With the arrival of new chair Jeremy Darroch, Reckitt has taken the eminently sensible step of putting the baby formula division, plus low-growth home care products including Cillit Bang and Airwick Air Fresheners, on the block. Taken together, these accounted for about 30 per cent of Reckitt’s £14.6bn of sales last year.

Yet the group has shied away from pursuing an all-out break up. It will keep its “power brands” — across health, hygiene and home — together, in a higher-growth, higher-margin business with £10.3bn of revenues. The hope, it seems, is that the combination of disposal proceeds, plus a higher rating for Reckitt’s new, sleeker and faster-growing mini-conglomerate, will unlock enough value to avoid shareholders pushing for more radical changes. 

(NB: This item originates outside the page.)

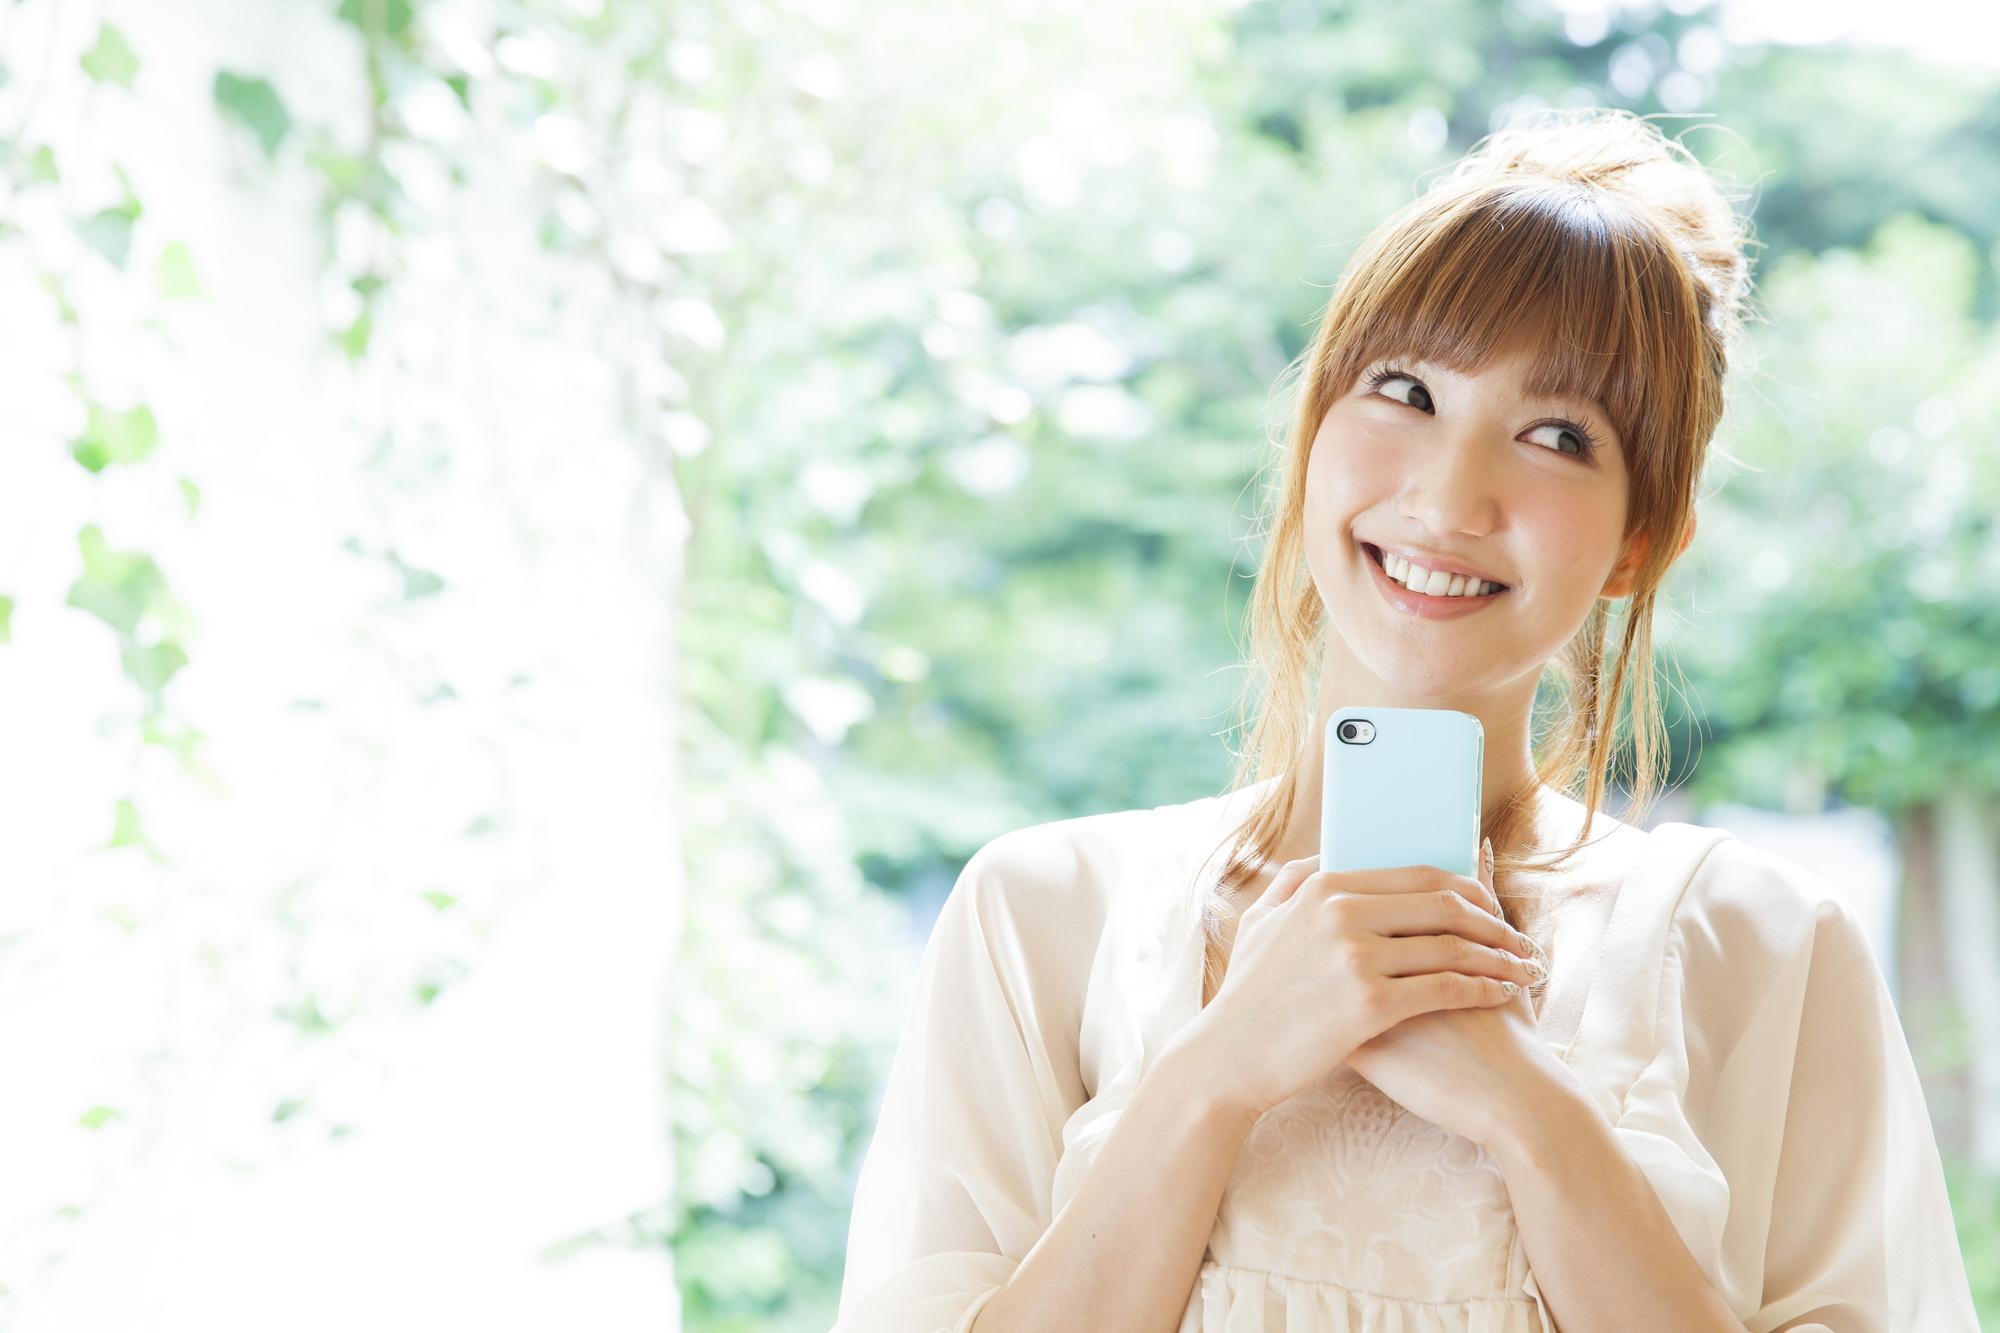 【おすすめポイント掲載中】世田谷区にある矯正歯科対応の歯医者さん

On paper, that makes some sense. A back-of-the-envelope calculation suggests there is plenty to play for. Core Reckitt — made up of the likes of Nurofen, Durex, Dettol and Finish — made something like £2.8bn of ebitda in 2023, thinks Iain Simpson from Barclays. Put that on a multiple of 15 times — a 12 per cent discount to Procter & Gamble — and it could be worth about £40bn, equivalent to the whole of Reckitt’s enterprise value today. Add in £10bn for the two businesses that Reckitt is looking to shed, and subtract net debt, for a 30 per cent-plus potential uplift in the stock. 

But spreadsheets are easy to populate and restructurings are harder to do. The lower-growth homecare business might be attractive to a private equity buyer but a sale of infant nutrition will be complicated by legal liabilities. The added risk, as always, is that the excitement of corporate action distracts managers from the day-to-day running of the business. 

Reckitt’s promised plans at least give shareholders the hope of upside to come. But the company’s operational performance has also left something to be desired. If this refresh or its power brands falter, it will face renewed calls for a more radical overhaul.